Œuvres de Dietrich Buxtehude et Philipp Heinrich Erlebach2019-12-06T15:43:24+00:00

Œuvres de Dietrich Buxtehude et Philipp Heinrich Erlebach

Zeichen im Himmel (Des signes dans le ciel)

9 octobre 2020

Zeichen im Himmel (Des signes dans le ciel)

La plupart des textes des airs de ce programme esquissent un être humain soumis à un destin imprévisible et changeant.
Pour la détresse et les peines du cœur, le poète inconnu choisit – à côté de phénomènes naturels tels qu’orages, nuages sombres et feuilles mortes – l’image des « comètes sanglantes ». En 1680 apparut en Europe la plus grande comète du 17ème siècle et deux ans plus tard celle dont la trajectoire et le retour périodique furent ensuite calculés par Edmond Halley.

Les êtres humains du 17ème siècle percevaient ces corps célestes comme des signes annonciateurs d’un malheur imminent, des fléaux de Dieu qu’ils observaient d’un œil anxieux. En revanche, selon les critères de l’église, il était considéré comme blasphématoire et immoral de se faire « une image de Dieu ou de ce qui se passe dans le ciel ». En raison de recherches scientifiques, un changement de mentalité intervint progressivement à la fin du siècle et les méthodes basées sur des preuves rationnelles permettant la prévisibilité mathématique du retour des comètes prirent de plus en plus la place de l’angoisse irrationnelle suscitée par les comètes.
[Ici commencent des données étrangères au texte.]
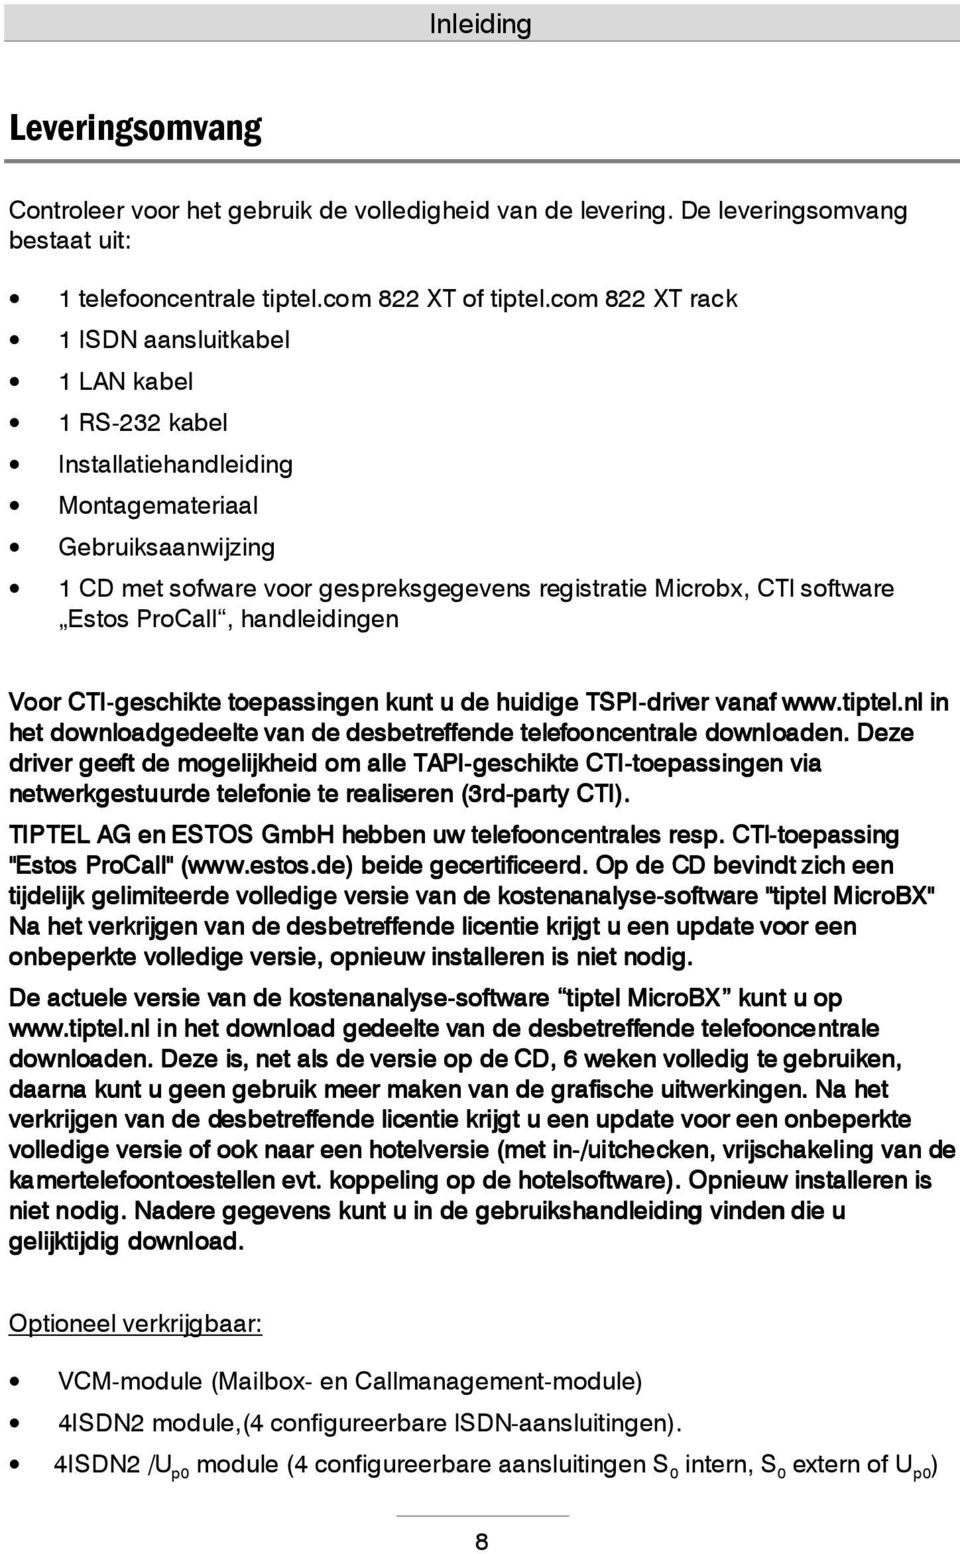 Estos ProCall, handleidingen Voor CTI-geschikte toepassingen kunt u de huidige TSPI-driver vanaf www.tiptel.nl in het downloadgedeelte van de desbetreffende telefooncentrale downloaden.

C’est dans ce contexte de tension entre la superstition et l’observation scientifique naissante qu’il faut comprendre le tableau de van Wijnen, qui nous met devant les yeux la plus terrible tentation de Saint-Antoine : se « faire une image de ce qui est haut dans le ciel », ne serait-ce qu’en pensée. Dans le climat de l’époque, de telles chimères sont vouées à la damnation, de telles illusions doivent être détruites. Tout est vain, transitoire.

Nous rencontrons ici, comme dans les textes d’Erlebach, le motif typiquement baroque de la vanité, de la fin inévitable, du caractère passager de toute vie ici-bas, le concert de vanitas.

Philipp Heinrich Erlebach (1657-1714)

Nous ne savons pas grand-chose de la vie de ce musicien atypique et dont l’œuvre exceptionnel vient tout juste d’être redécouvert.

Actif dès 1679 et jusqu’à sa mort à la cour des futurs princes impériaux de Schwarzburg-Rudolstadt, capitale de la Thuringe, il ne quittera que rarement son lieu de travail, sauf pour de courtes visites dans d’autres cours de la région.

D’abord musicien et valet de chambre du comte, il occupera finalement dès 1681 la fonction de Capellmeister, ayant sous sa responsabilité l’organisation et les activités de la Hofkapelle (chanteurs et instrumentistes), l’éducation des petits chanteurs, l’entretien des instruments, et surtout la composition et l’exécution de musiques pour toutes les occasions et dans tous les genres. La sédentarité de sa vie ne l’empêchera toutefois pas d’être en contact avec les musiques italiennes et françaises, ainsi qu’avec les premiers opéras allemands

Malheureusement, en raison d’un incendie survenu en 1735, seule une petite partie de l’œuvre d’Erlebach nous est parvenue, très morcelée.